START Provided material
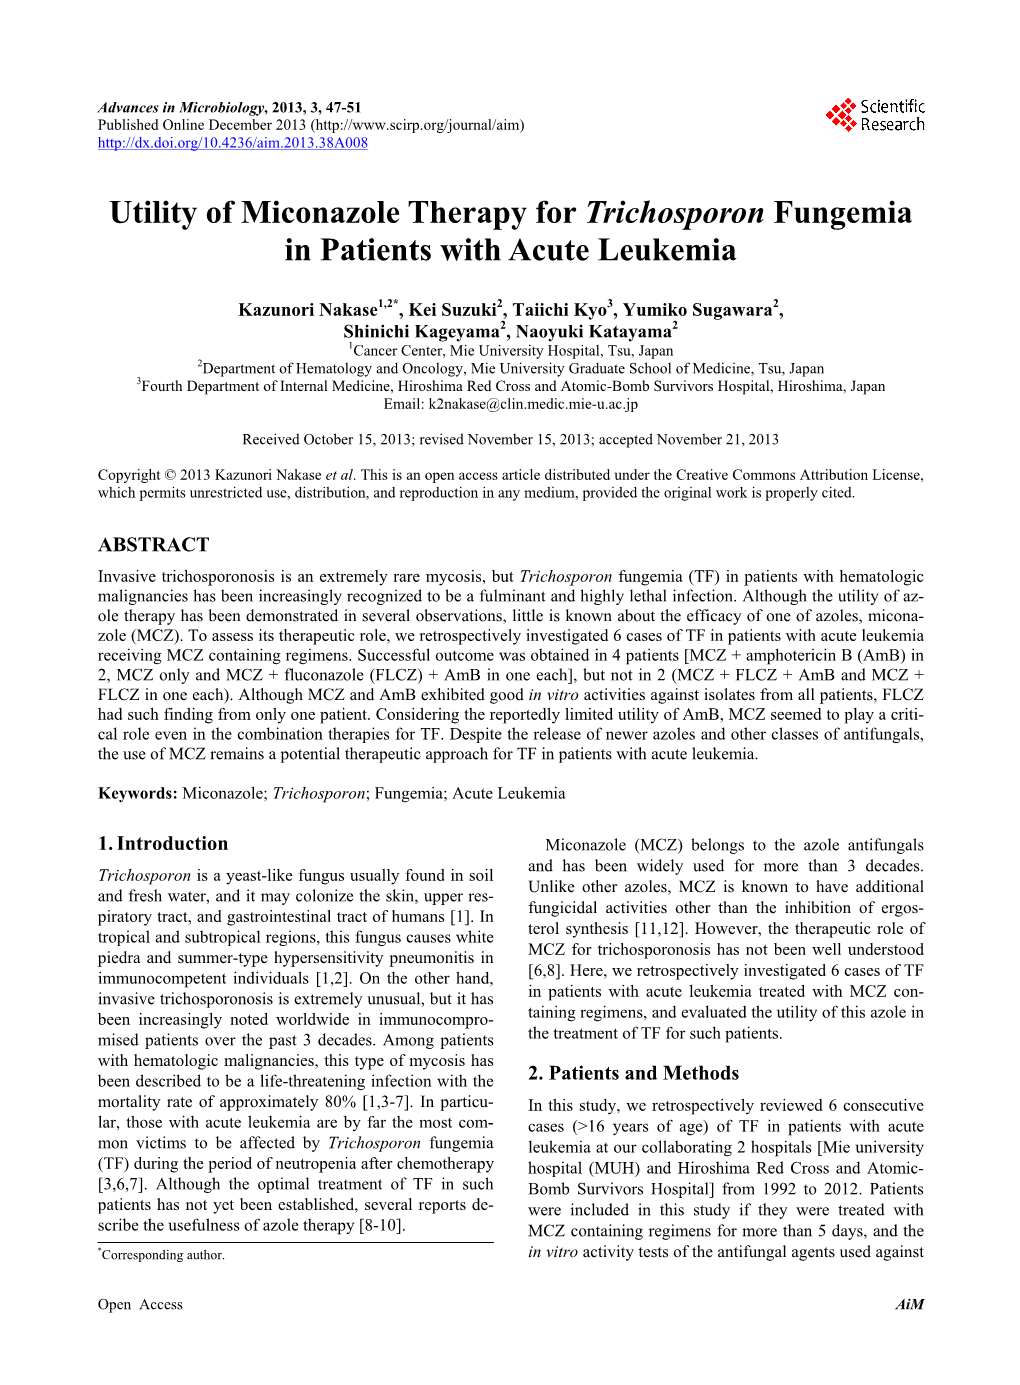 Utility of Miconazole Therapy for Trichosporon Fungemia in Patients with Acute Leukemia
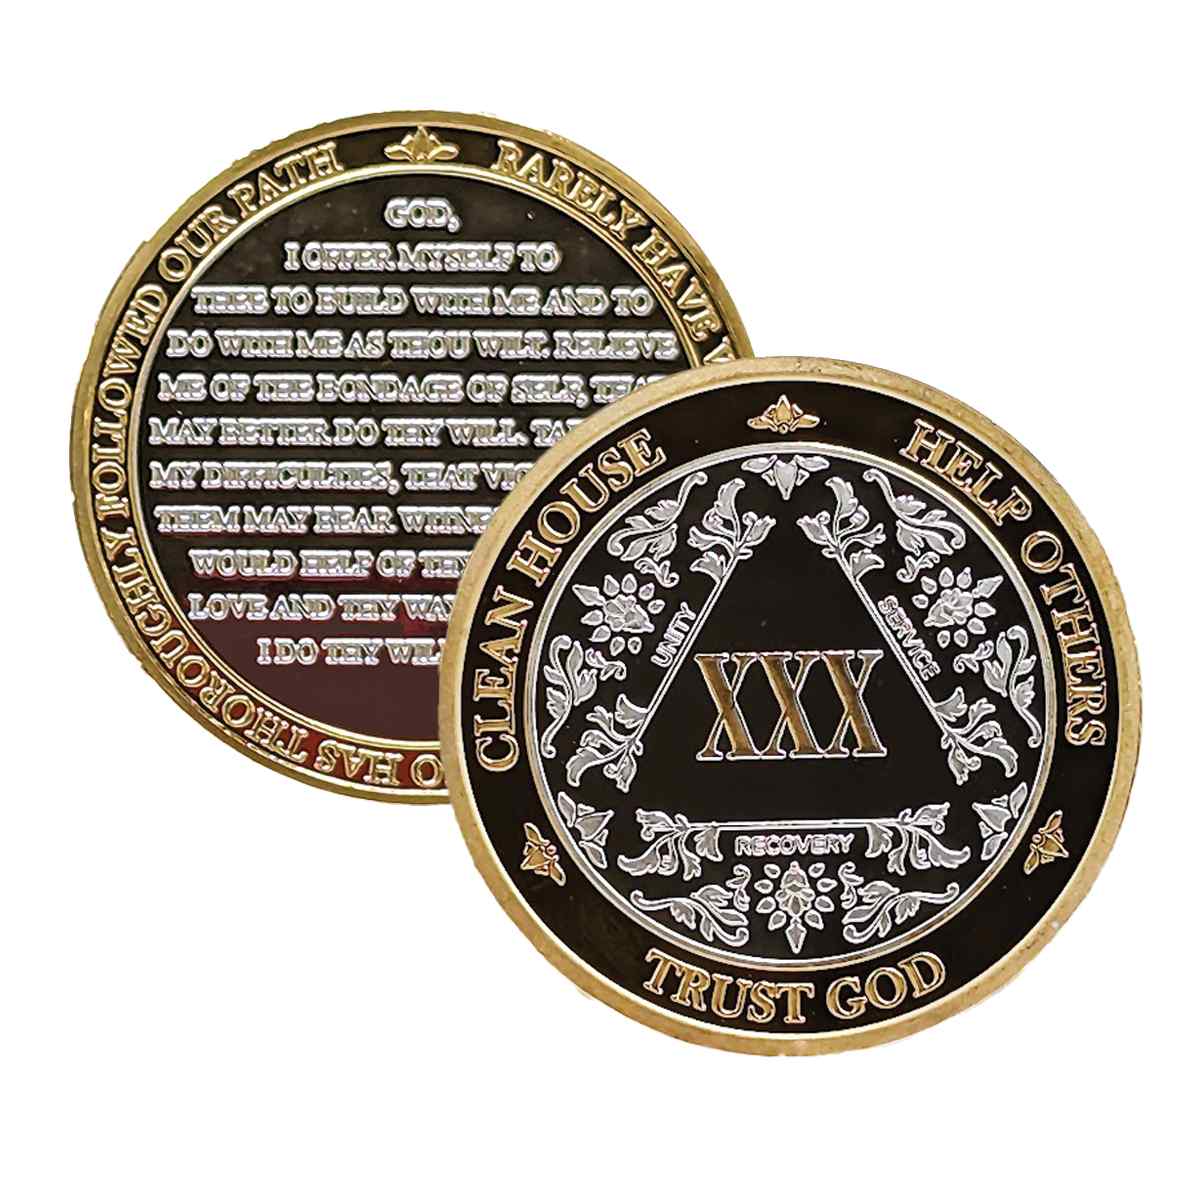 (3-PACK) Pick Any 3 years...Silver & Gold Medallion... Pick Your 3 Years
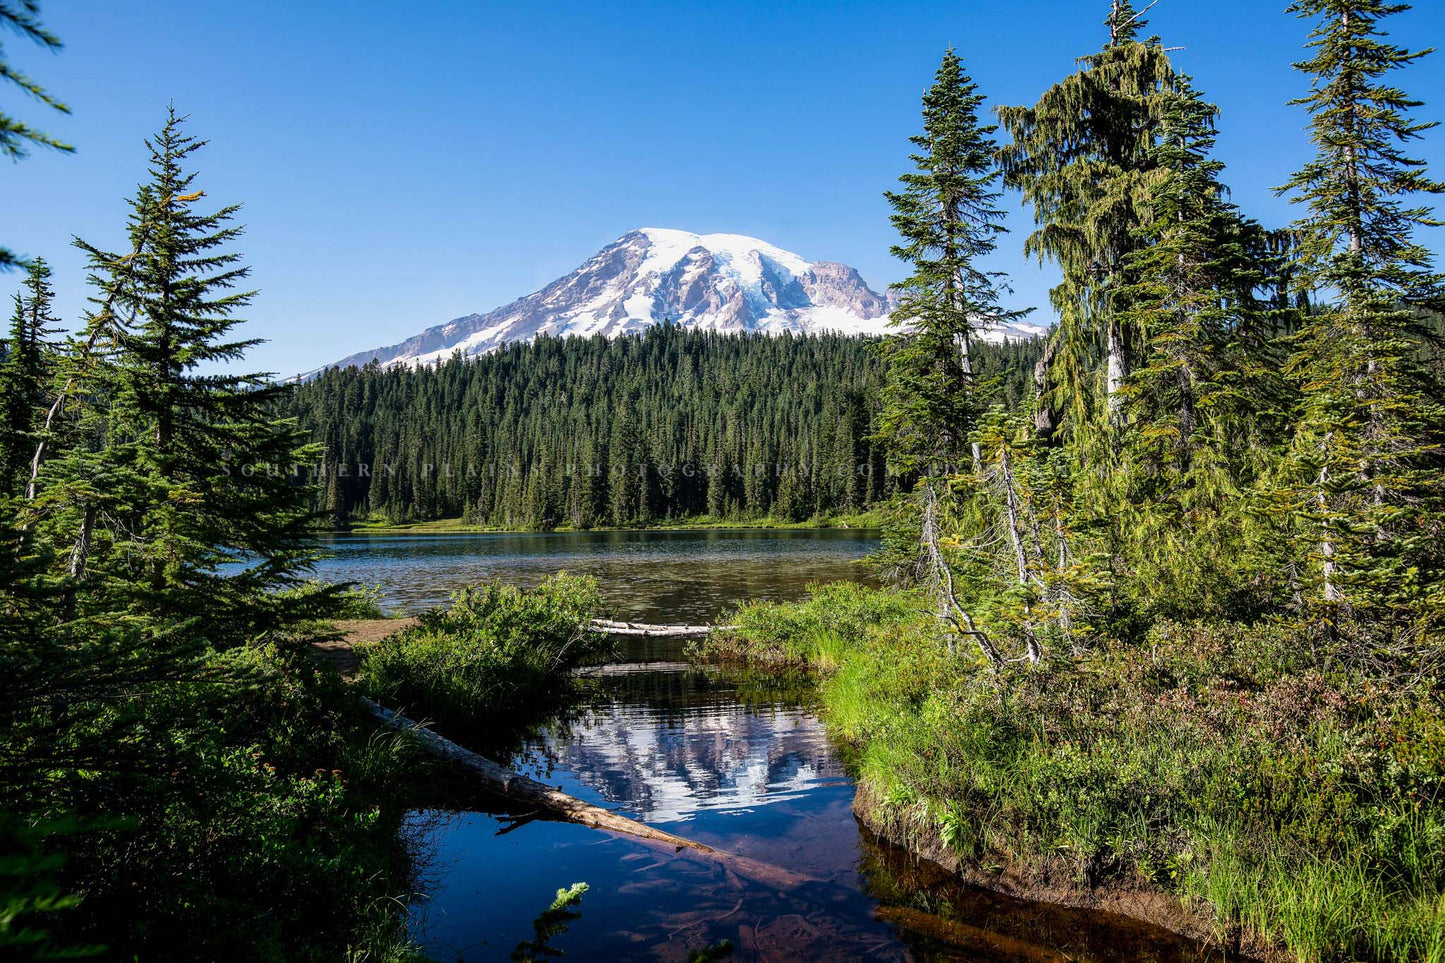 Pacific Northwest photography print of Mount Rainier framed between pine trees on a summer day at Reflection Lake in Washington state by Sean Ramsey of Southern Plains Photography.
END Provided material
▶ [Task statement] Here the job is to quote the lines from the one with "(3-PACK) Pick Any" through the end of the material, both included, exactly; please skip the pictures.

▶ [Written solution]
 (3-PACK) Pick Any 3 years...Silver & Gold Medallion... Pick Your 3 Years
 Pacific Northwest photography print of Mount Rainier framed between pine trees on a summer day at Reflection Lake in Washington state by Sean Ramsey of Southern Plains Photography.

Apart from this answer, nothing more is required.